Эллисон приподняла брови.
— Стоит попробовать.
Затем она повернулась, словно ее спина была прикреплена на петлях к дверной ручке, и я подумал, что сейчас она упадет в коридор, но в последний момент Эллисон выставила ногу и оказалась внутри моего жилища.
— Ой, — сказала она.
Я сделал пару глотков «Шайнер бок» и лишь после этого последовал за ней.

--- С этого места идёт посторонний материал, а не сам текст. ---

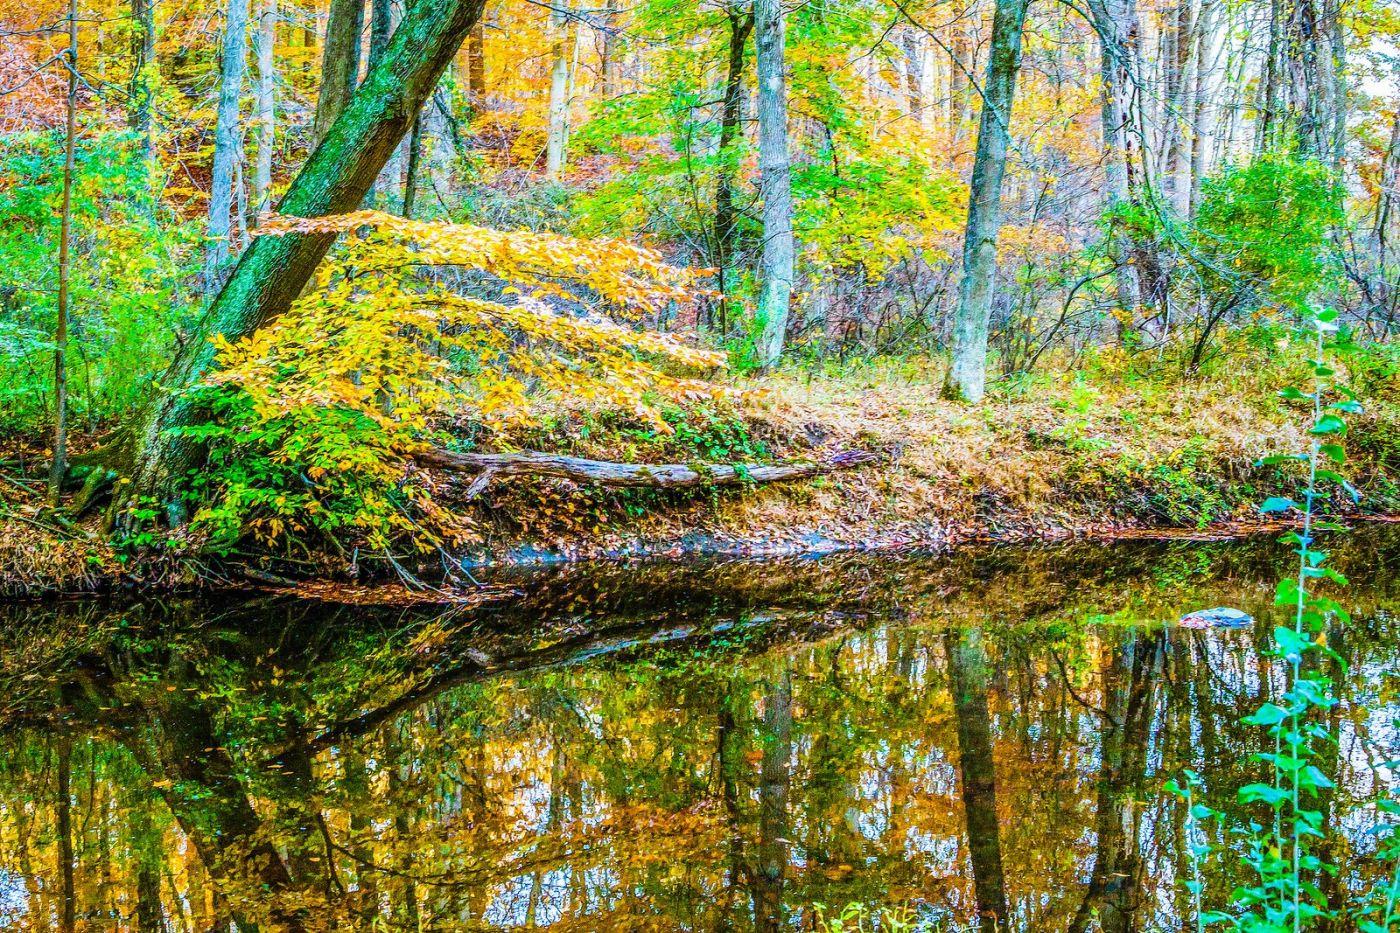 宾州雷德利克里克公园(Ridley creek park),大自然的舞台_图1-14

Эллисон вытащила диск Джули Кирнс из магнитофона и поставила моего Джонни Джонсона, взяла старый номер «Техас мансли» с подоконника и бросила открытым на кофейном столике. Гладильная доска была отодвинута, на ней стоял телефон.
Эллисон села за кухонную стойку и положила на нее руки.
— Звонила особа по имени Кэрол. Я сказала, что тебя нет дома.
— Кэролайн, — поправил я. — Это просто замечательно, спасибо.
Она пожала плечами, дескать, всегда рада помочь.
Я поискал взглядом Роберта Джонсона, но он надежно спрятался. Может быть, под грязным бельем или в кладовой. В отличие от моего хозяина, Роберт Джонсон не любит блондинок.
— Ты уже послала Шекли открытку с пожеланием быстрейшего выздоровления? — спросил я.
Эллисон вела себя как счастливый пьяница, и ее броня была такой же толщины, как у линкора. Мой вопрос отскочил от нее, вызвав лишь легкое неудовольствие, никоим образом не повлиявшее на выбранный ею курс.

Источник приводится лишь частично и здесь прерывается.